Hydrocarbon-Derived Prenetworked Carbon Nano-Onions for Wearable and Flexible Printed Microsupercapacitors

Carbon nanomaterials have emerged as a promising solution for printed electronics, especially in microsupercapacitor (MSC) applications. This study examines the significance and compatibility of a newly developed industrial carbon nanomaterial derived from hydrocarbon streams via a scalable, catalyst-free process in a proprietary reactor. The carbon nanomaterials exhibit a unique morphology, characterized by nanoscale building blocks forming microscale networks, enhancing printed flexible electronics' efficiency. Here, we utilize carbon nano-onions (CNOs) as an electrode material for MSCs. In addition to CNOs' unique networked structure, high electrical conductivity, and large surface area make CNOs ideal for next-generation printed MSCs. The printed MSCs operate efficiently without metal current collectors, indicating that the printed electrodes with hydrocarbon-derived CNOs have sufficient conductivity comparable to that of metal-based current collectors. The printed MSCs demonstrated an excellent specific capacitance of 3.2 mF/cm2, outperforming many graphene-based MSCs.

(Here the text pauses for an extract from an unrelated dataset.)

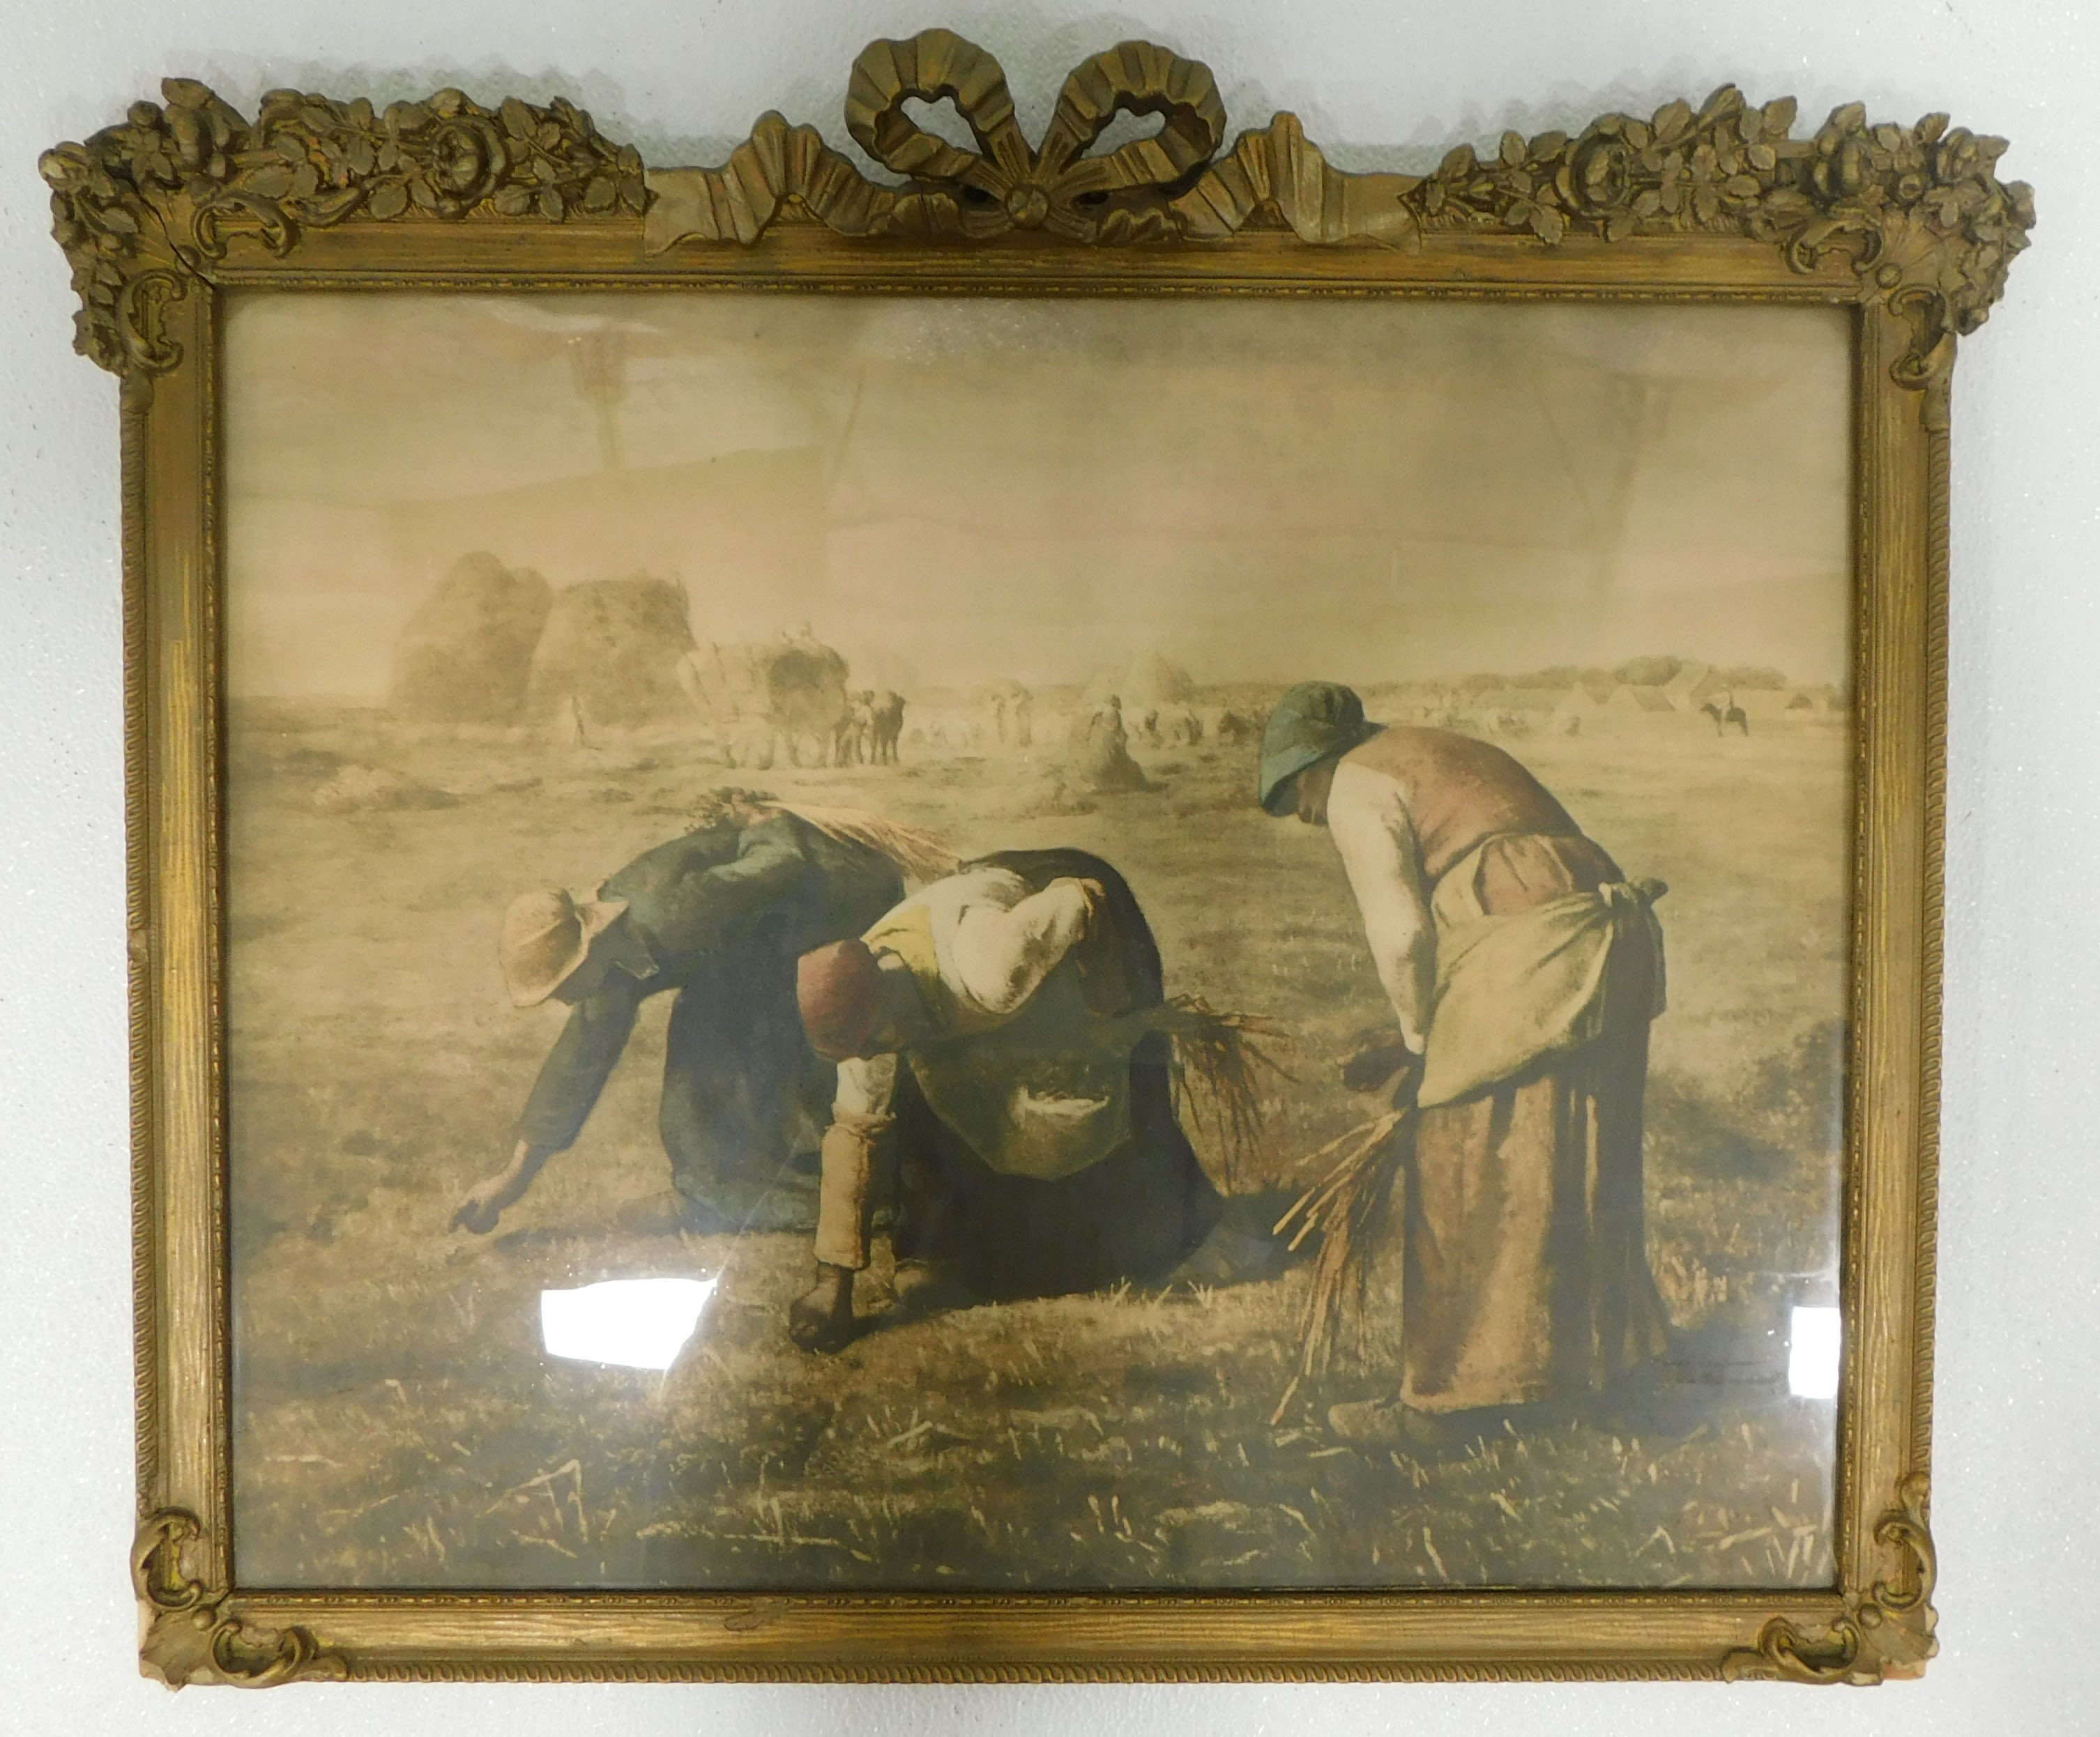 millet the gleaners
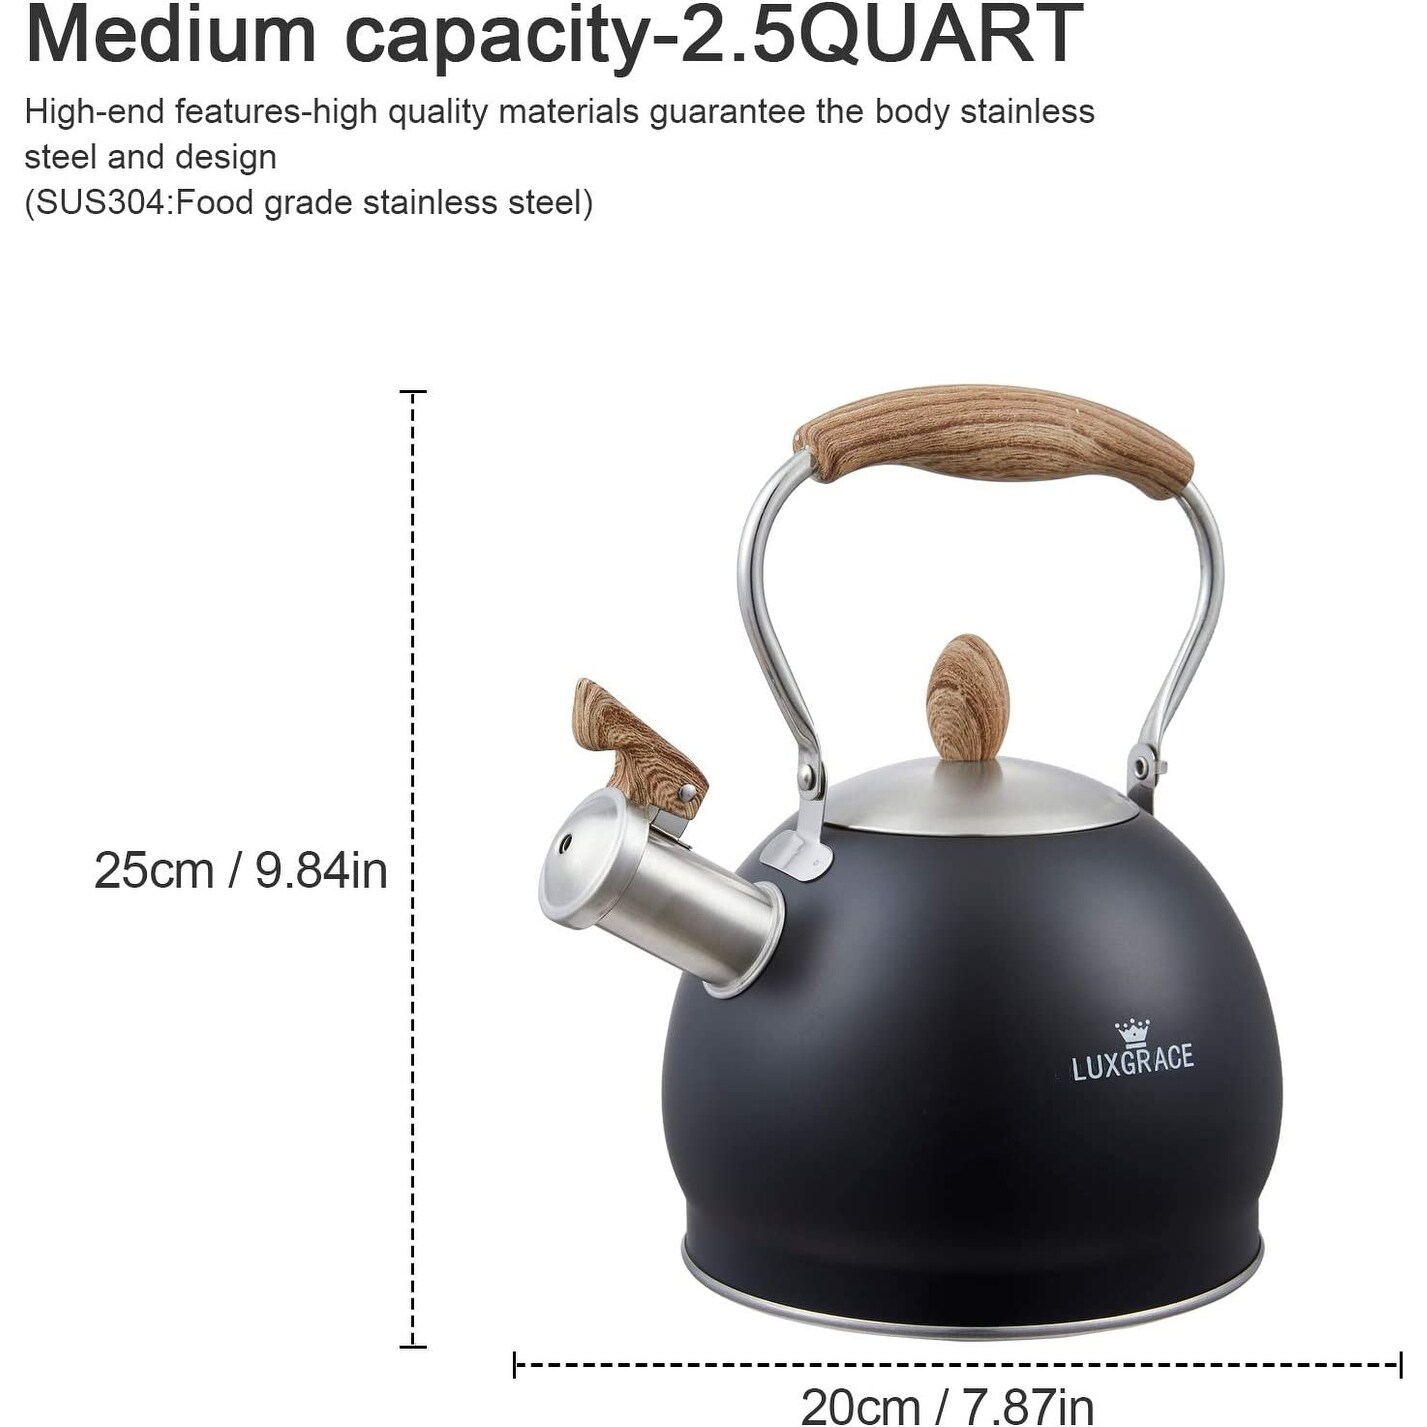 Creative Home Nobili-Tea 1.0 Quart Stainless Steel Tea Kettle with Infuser  Basket and Aluminum Capsulated Bottom for Even Heat Distribution, Satin

Additionally, these MSCs exhibited outstanding cycling stability, retaining 97% of their capacity after 10,000 galvanostatic charge-discharge cycles, and superior capacitance retention of 91% at a bending angle of 180 degrees. These results indicate that the networked structure of CNOs maintains capacitance at various bending angles, confirming their high compatibility with flexible printed electronics. The integration of hydrocarbon-derived CNOs into printed electronics not only facilitates the development of lightweight, flexible, and cost-effective devices but also opens the door to innovative printed electronic applications.